Armour – John Kinsella (Picador)
With Armour, the great Australian poet John Kinsella has written his most spiritual work to date – and his most politically engaged. The world in which these poems unfold is strangely poised between the material and the immaterial, and everything which enters it – kestrel and fox, moth and almond – does so illuminated by its own vivid presence: the impression is less a poet honouring his subjects than uncannily inhabiting them. Elsewhere we find a poetry of lyric protest, as Kinsella scrutinizes the equivocal place of the human within this natural landscape, both as tenant and self-appointed steward.
Author biography
John Kinsella is the author of over twenty books, and is editor of the international literary journal Salt.
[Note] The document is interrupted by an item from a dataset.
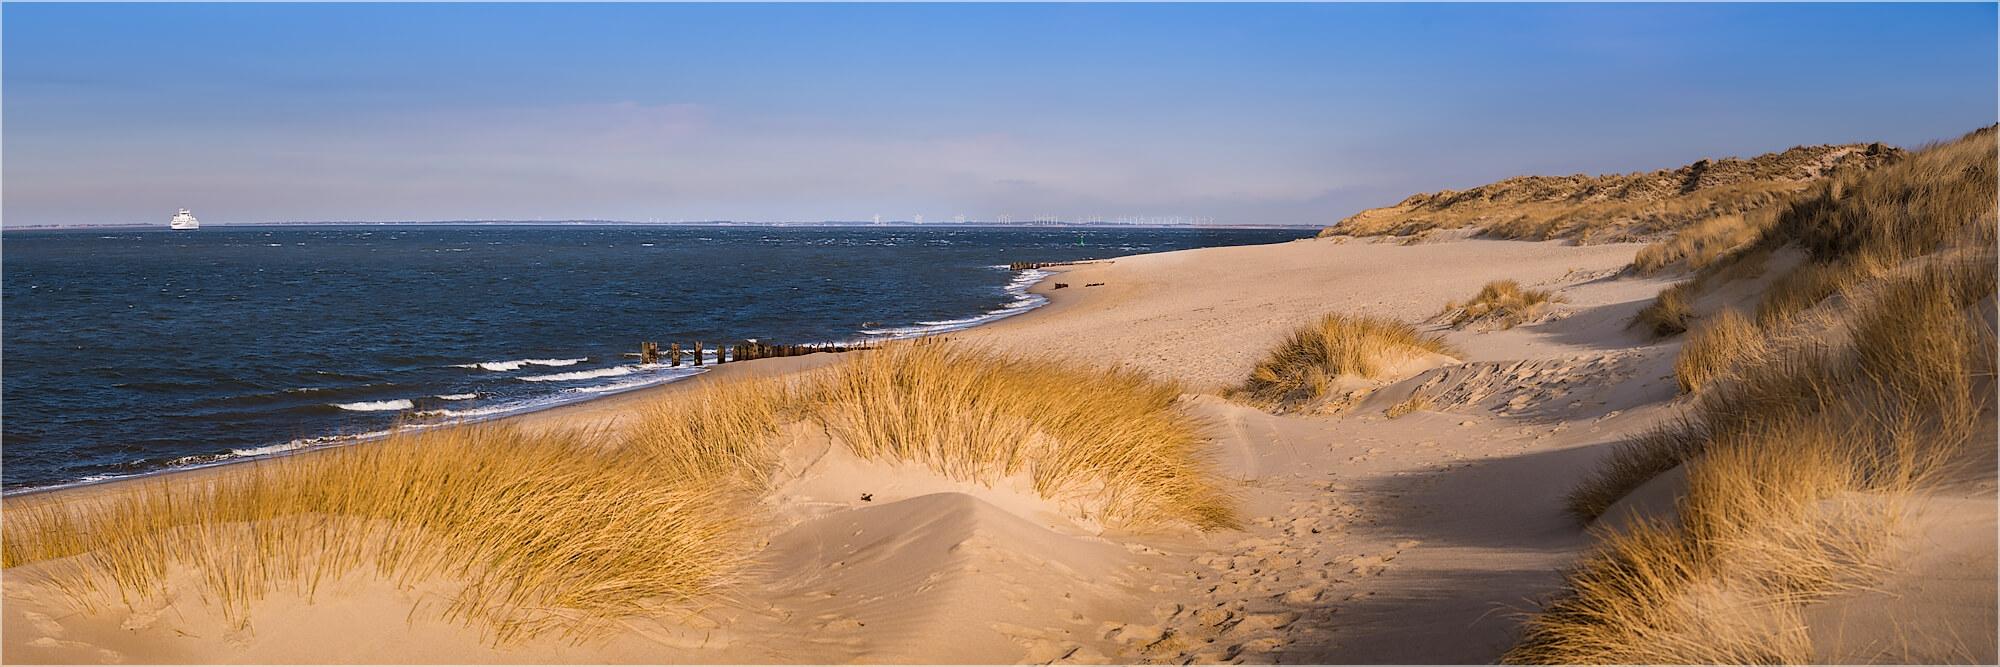 Panoramabild Dünen der Nordsee auf Sylt

He is a Fellow of Churchill College, Cambridge University. In 2007 he received the Fellowship of Australian Writers Christopher Brennan Award for lifetime achievement in poetry. His previous collection, Shades of the Sublime & Beautiful, is also published by Picador.
Judges’ comments
John Kinsella's Armour is a major collection of poems by a poet who has rapidly established himself as someone who can turn any occasion – the glimpse of an animal, the death of a friend – into verse that is memorable, moving and consistently compelling. Kinsella is a poet who creates poems with maximum deliberateness and the rewards of this will to design are remarkable. Armour is a book rich with the evocation of landscape and powerfully organized in terms of theme which is also richly variegated and constantly surprising in its swerves and turns despite the unity of its vision and the authority of John Kinsella's voice.